(Reuters) – Canadian musician Gordon Lightfoot, the singer-songwriter known for such ballads as “If You Could Read My Mind” and “The Wreck of Edmund Fitzgerald,” died Monday in a Toronto hospital. He was 84 years old.
And his family said in a statement issued by the media, Victoria Lord, that he died of natural causes.
Known for his evocative lyrics and melodic compositions, Lightfoot has received five Grammy nominations over the years and won 17 Juno Awards, Canada’s equivalent of music honors.
Lightfoot achieved his peak of popularity in the 1970s, with songs from albums like “Sundown,” “Summertime Dream,” and “Dream Street Rose” building on his guitar-driven folk roots to produce more rock and pop hits.
He retained a loyal following in Canada and the United States with an extensive concert tour.
Lightfoot’s catalog of compositions tops 200 songs, a number of which have been covered by artists such as Bob Dylan, Elvis Presley, Judy Collins, Barbra Streisand, Glen Campbell, and Richie Havens. His “For Lovin’ Me” and “Early Morning Rain” became hits for the folk trio Peter, Paul & Mary.
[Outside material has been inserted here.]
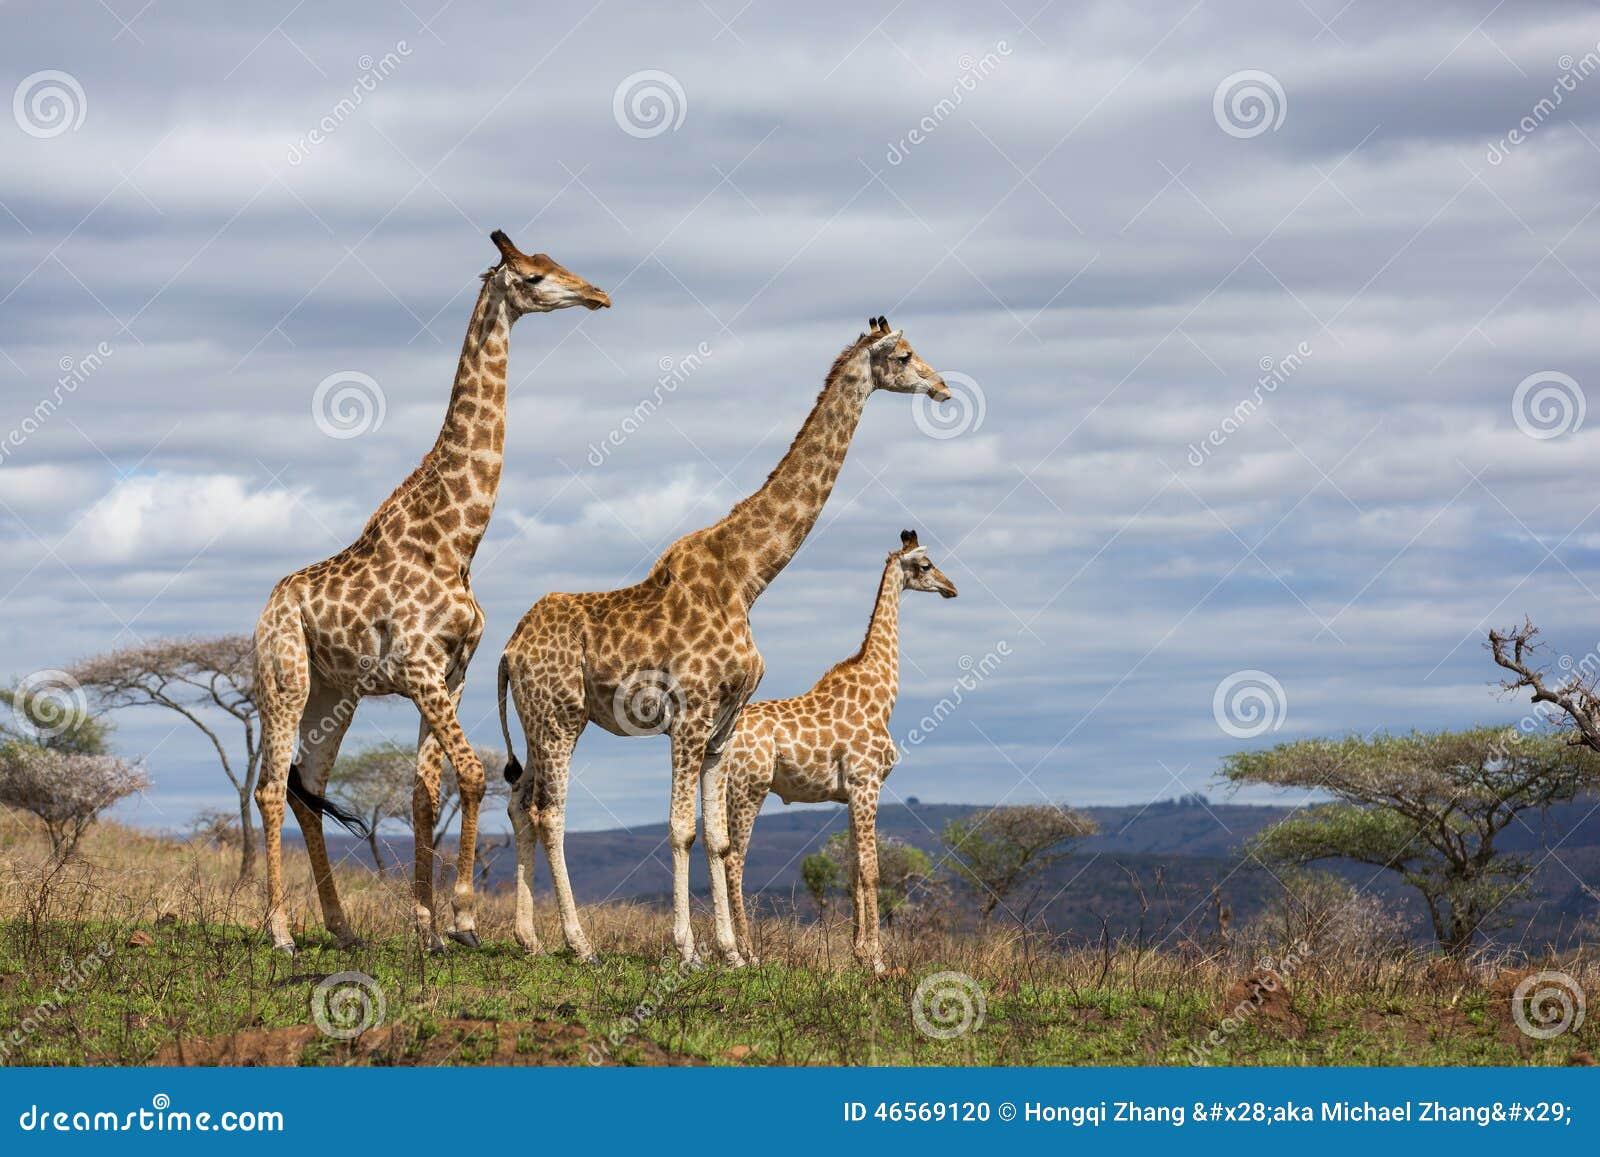 Giraffes game reserve
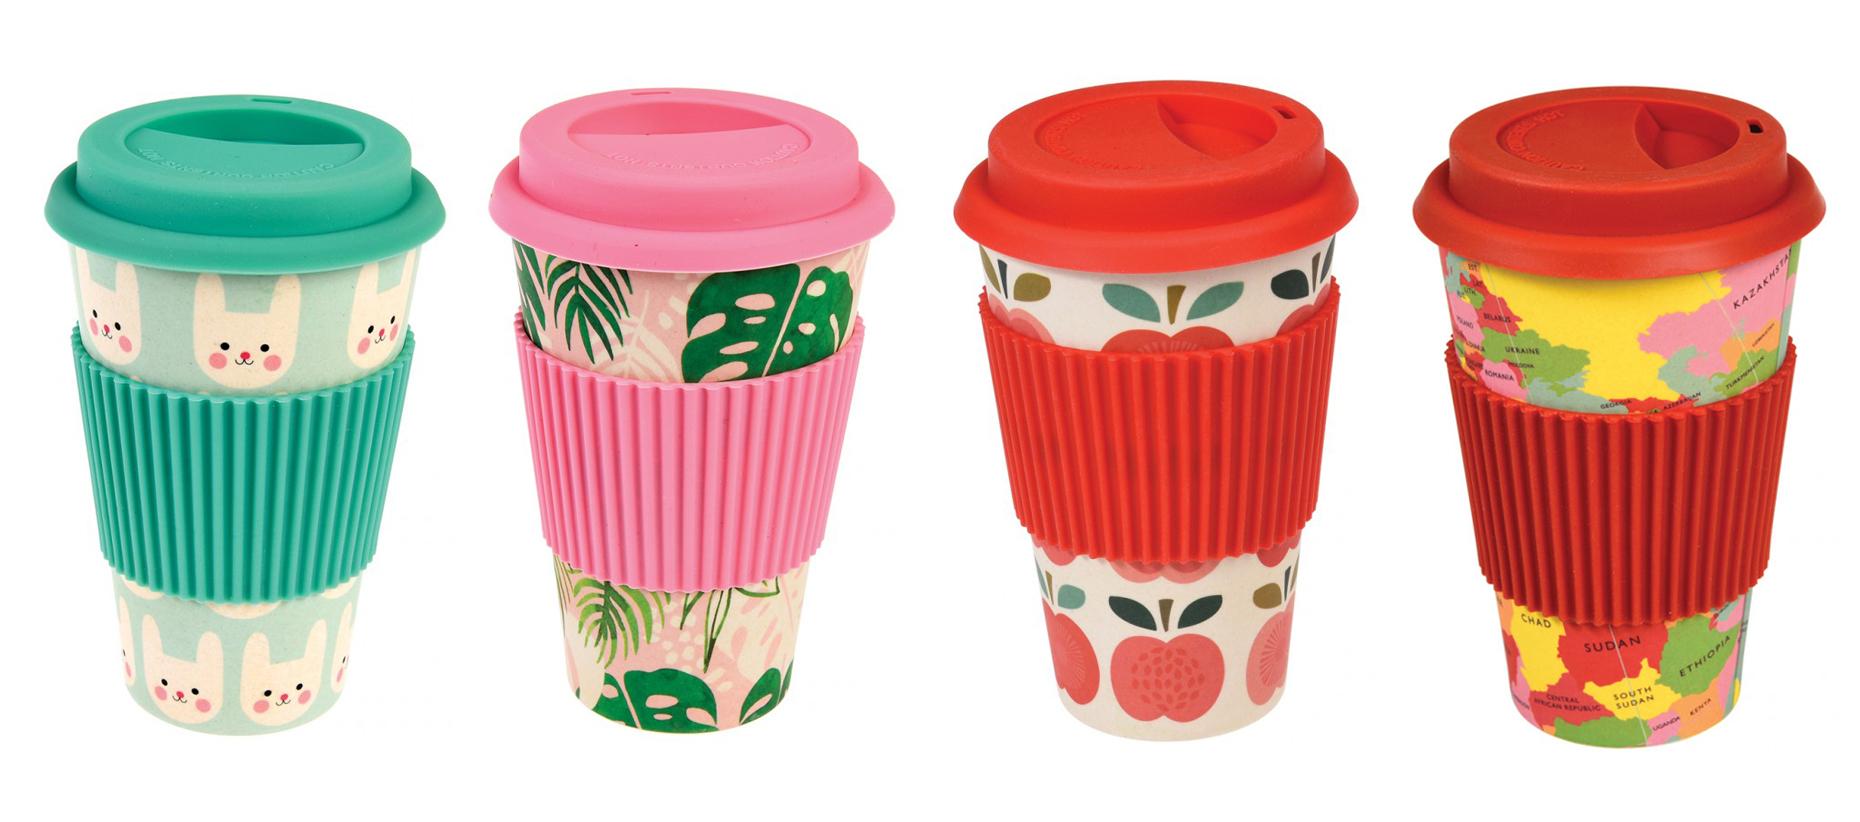 Rex London bamboo travel mug

Lightfoot emerged from the folk music movement of the mid-1960s with signature tunes like “Canadian Railroad Trilogy” and “Pussywillows, Cat-Tails”.
In the 1970s, he picked up the electric guitar to belt out pop hits like “Beautiful” and “I’m Not Supposed to Care.”
Lightfoot’s 1976 epic, “The Wreck of the Edmund Fitzgerald,” about 29 drowning sailors when a freighter sank in a storm on Lake Superior, remains one of fans’ favorites.
In it, Lightfoot paired the soaring melody with poignant lyrics about the sailors’ final hours.
He also topped the singles charts with titles such as the wistful 1974 hit “Carefree Highway” and the ballad “If You Could Read My Mind,” his first major international success since 1971, about the dissolution of a marriage.
She released “If You Could Read My Mind” a hit trial on Warner Bros Records, after Lightfoot split from his previous label, United Artists.
He was unhappy there in part because of the lack of support he felt when several American radio stations banned his 1968 single “Black Day in July”, about the Detroit riots the previous year, as too sensationalist.
Two other songs from the ’70s, “Sundown” and “Rainy Day People”, were reported to have been inspired by his volatile romance with backup singer and rock band Kathy Smith.
Smith died in 2020 after serving time in prison for injecting comedian John Belushi with a lethal dose of heroin and cocaine in 1982.
Aside from writing the lyrics and music, Lightfoot performed his songs in a warm, ballady style, though his voice had grown thinner over the years, and he was known for his articulate vocals.
He survived a major health crisis at the age of 63 in 2002, when he collapsed from severe stomach pain before a concert in his hometown of Orilla, Ontario, and underwent emergency surgery for abdominal bleeding caused by a ruptured aorta.
He endured weeks of hospitalization and multiple operations before returning to the recording studio and live performances.
At the time of his illness, Canadian singer and fan Ian Tyson saluted Lightfoot as a national treasure.
“I don’t think anyone before or since has or will have had an impact on Canadian culture through folk music or folk music that Gordon Lightfoot has,” Tyson told Reuters at the time.